# sailfish caught on avon pier



## js1172 (Jun 5, 2012)

anyone have pics?
js


----------



## Drumdum (Jan 6, 2003)

Small sail,but a sail nonetheless... John Kayne caught him.. Knowing John,and knowing there was a full moon involved at the time,doubt he was after a sailfish,more like a big "silverfish"... Kayne be one pinrigging sumbeetch fer sure...


----------



## Loner (Sep 9, 2009)

...while there haven't been any Tarpon to speak of this year.....(1 on Jollys and 3 on Bogue Inlet) the moon and the NE wind have em headed back south....
Met John on Frisco Pier and was totally impressed with his knowledge.......he could have fished down here......IF HE WERE WILLING TO CATCH SMALLER FISH!!!
DD is that 3 regulation sailfish from Piers in NC???...I know about all those little plugging sails...


----------



## js1172 (Jun 5, 2012)

thanks ken, read about it on one page but heard zero else about it, called gary shuey to see if he heard anything but he hasn't called me back yet.
js


----------



## cooper138 (Aug 8, 2012)

Talked to a lady who went to the pier today, she said that it was like 2 or 3 feet.


----------



## Drumbeater (Jul 18, 2010)

hey guys, there is a pic on their FB page I believe, little bitty thing but still cool none the less


----------



## Drumdum (Jan 6, 2003)

Loner said:


> ...while there haven't been any Tarpon to speak of this year.....(1 on Jollys and 3 on Bogue Inlet) the moon and the NE wind have em headed back south....
> Met John on Frisco Pier and was totally impressed with his knowledge.......he could have fished down here......IF HE WERE WILLING TO CATCH SMALLER FISH!!!
> DD is that 3 regulation sailfish from Piers in NC???...I know about all those little plugging sails...

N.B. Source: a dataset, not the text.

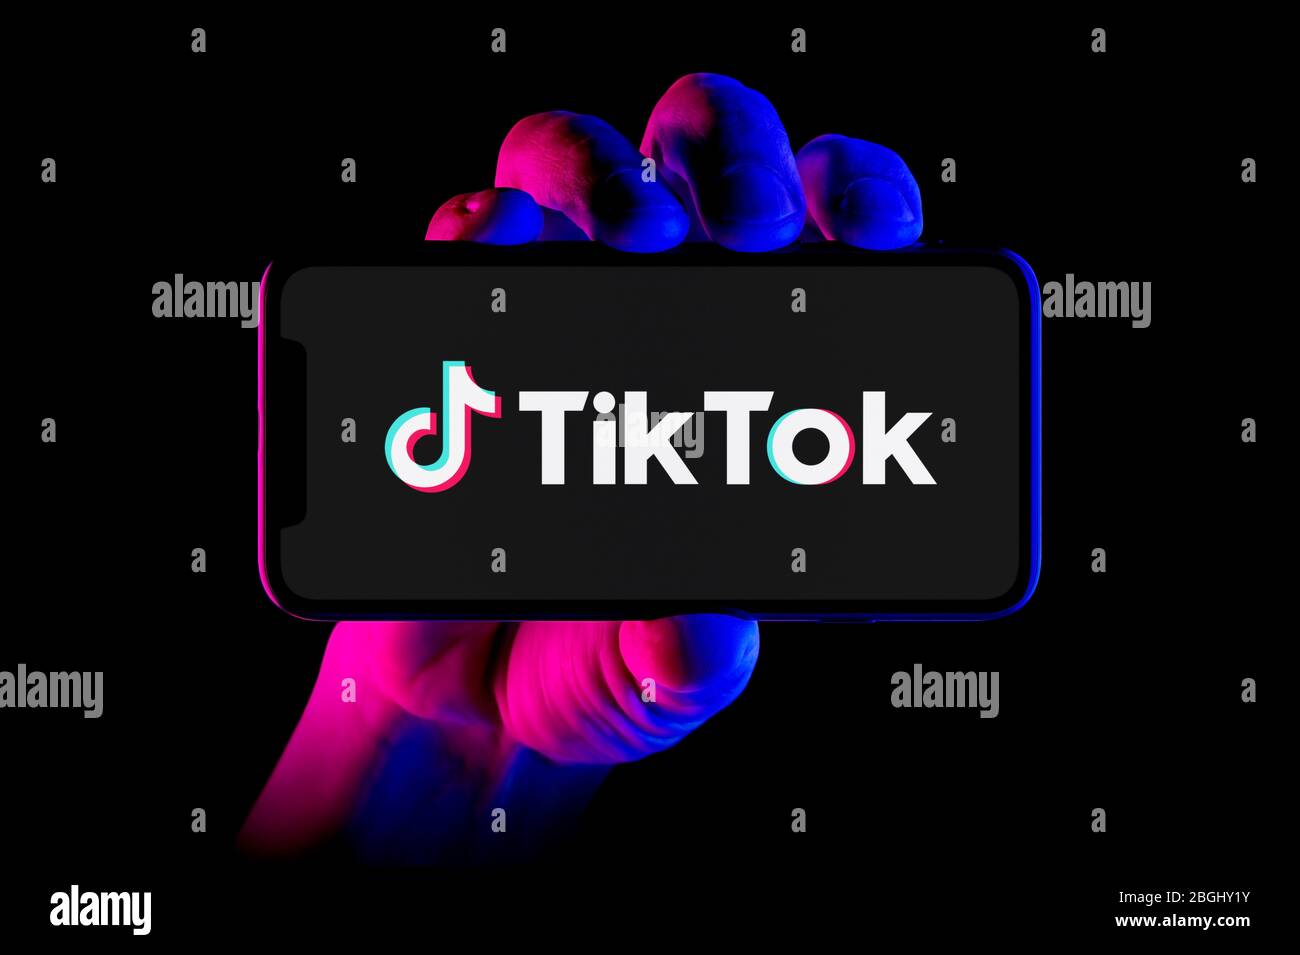 tiktok logo 2020 hi-res stock photography and images - Alamy
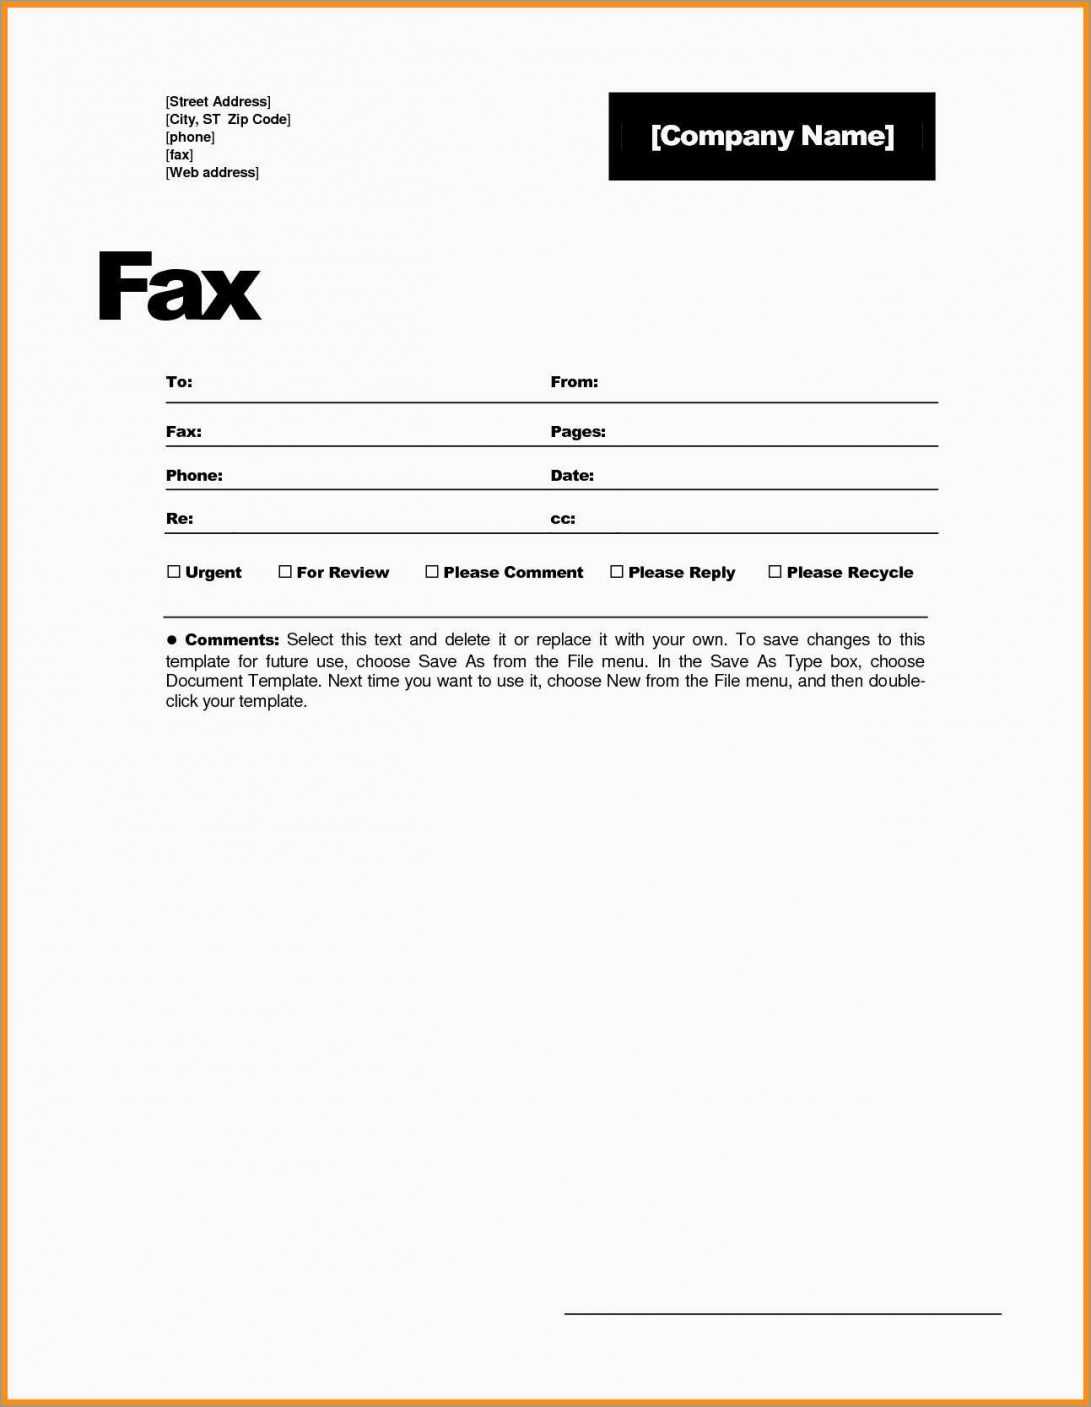 Fax Cover Sheet Template Word Blank Balance Sheets Business With Fax Cover Sheet Template Word 2010

 Loner,Kaine was fishing back when I used to fish Frisco and we actually caught kings with many tarpon around as well.. He was a youngen back then,but he's a heck of a pinrig fisherman nowadays.. Not sure how many of the "regulation sailfish" piers up here have caught,I'm sure ya'll have put quite a few on the decks down there though...


----------



## Loner (Sep 9, 2009)

...nope..the KITTY HAWK fish and the ANGELO DEPAOLA sail are still the only 2 I know of.......I have seen free-jumping sails off the old Dolphin in nasty august......


----------



## speckhunter80 (Oct 3, 2011)

Pic is on Facebook looks to be about 18" long


----------